Heritage in Motion
Here’s the truth – every boat we’ve ever built is a conversation with the one that came before it.
From Riser, our first 43-foot Flybridge Gameboat, to the 46s that are turning heads from the Jersey Canyons to Costa Rica, to the 55 Mehl Ticket that is destined to be an East Coast tournament machine, each hull carries a lesson learned offshore.
Now, with a 66 on the drawing board, the idea that started as a whisper from the past has become a full-throttle movement.
The Spark: Riser 43′
Small footprint, big fight. The 43 was the proof that a true Gameboat could wear a bridge without losing her balance.
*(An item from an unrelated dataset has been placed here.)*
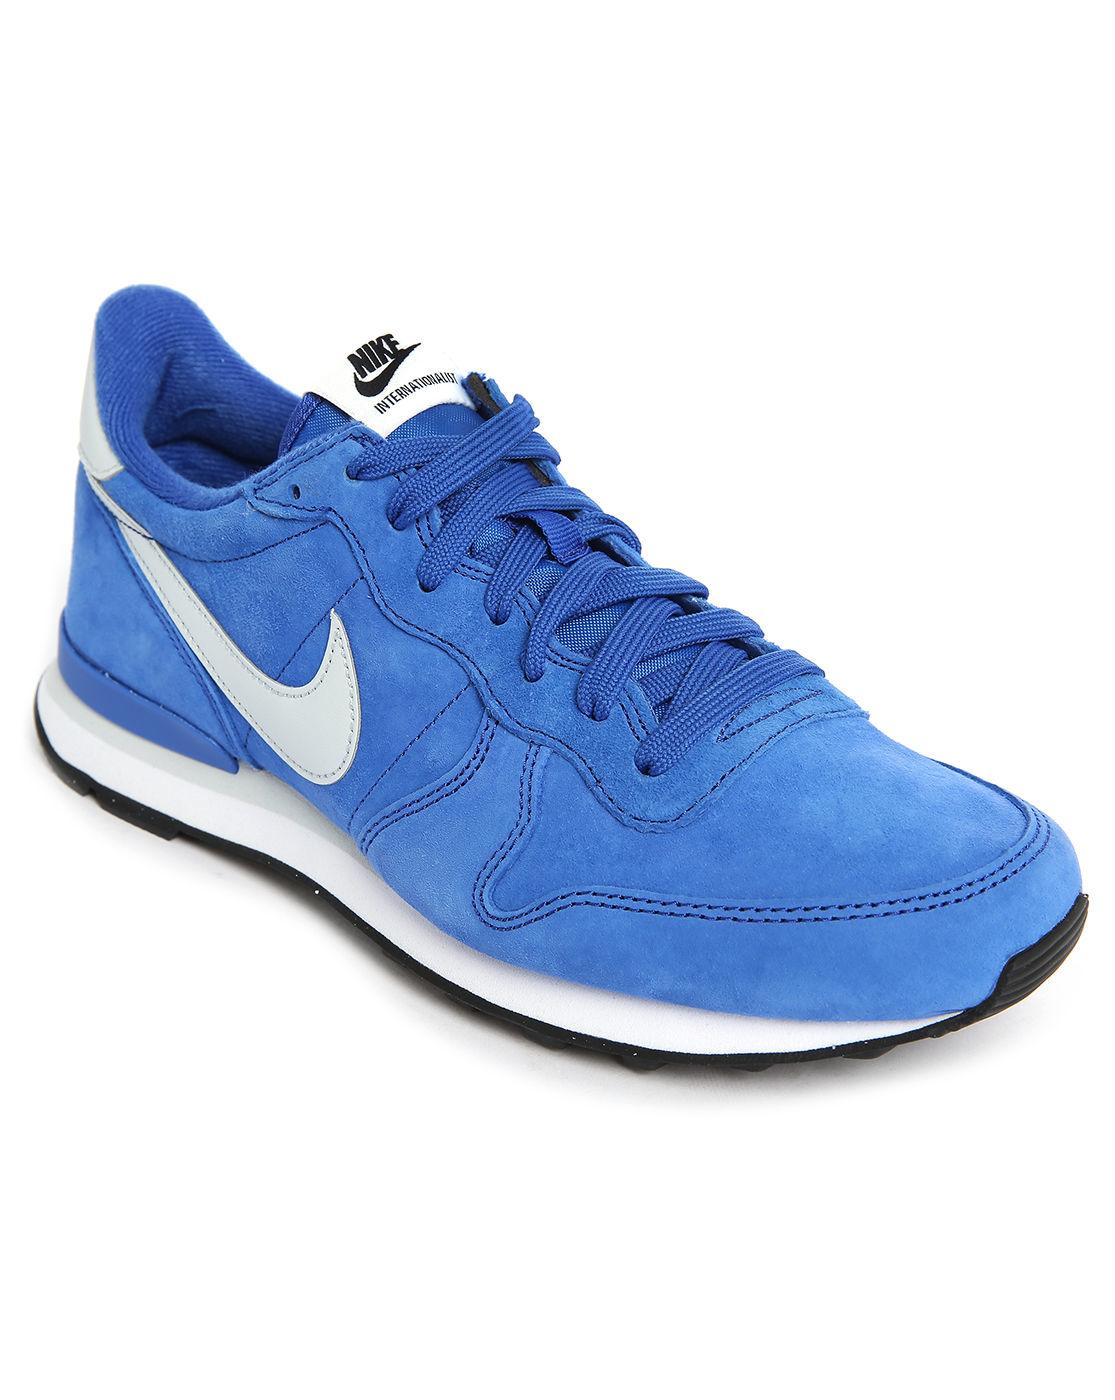 Nike Internationalist Blue Suede - 388.6KB
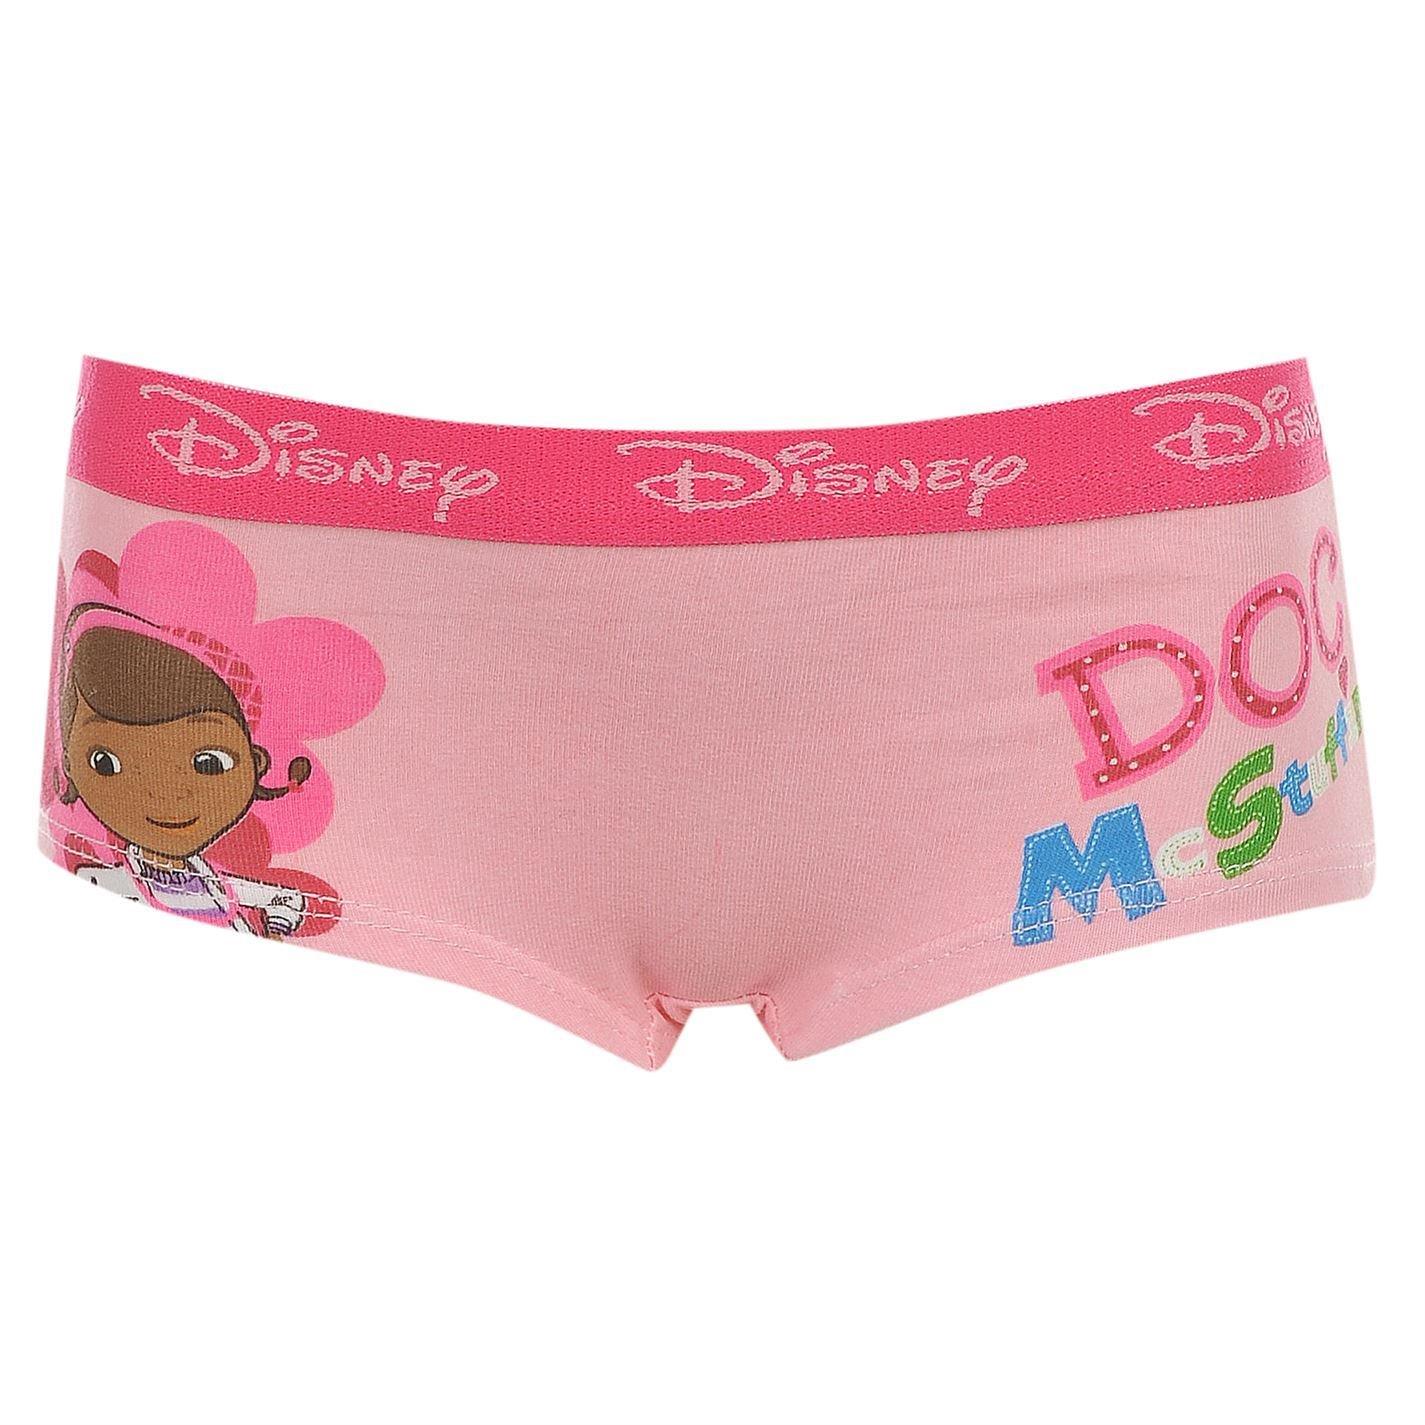 Disney Doc McStuffins Boxer Slip ropa interior Niñas Rosa/Multi Tanga bragas: Amazon.es: Deportes y aire libre

Lightweight, vacuum-infused, and honest as they come – she gave us our baseline: simple, efficient, built for captains who still wash their own decks.
The Refinement: 46 Series
When we moved in to our already proven forty-six hull, we didn’t add fluff – we added reach. The 46 Flybridge kept the attitude of the 43 but gave crews longer legs, larger fish boxes, and a cleaner engine-room layout. Multiple hulls later, the 46 proved what we already believed: evolution isn’t about adding it’s about distilling.
The Statement: 55 Mehl Ticket
Every shop has a project that raises the bar for everyone who touches her. Mehl Ticket is that build. At fifty-five feet she carries the power of a battlewagon with the manners of a dock queen. She shows what happens when horsepower meets restraint – tournament-level performance with a captain-friendly soul.
55 Flybridge Walkarounds – Dual Purpose, Singular Focus
Four hulls. Four captains who wanted the best of both worlds – bridge visibility with the versatility of a walkaround. Each one taught us something: airflow, sightlines, weight distribution. Those lessons are now baked into every mold and mindset in the shop.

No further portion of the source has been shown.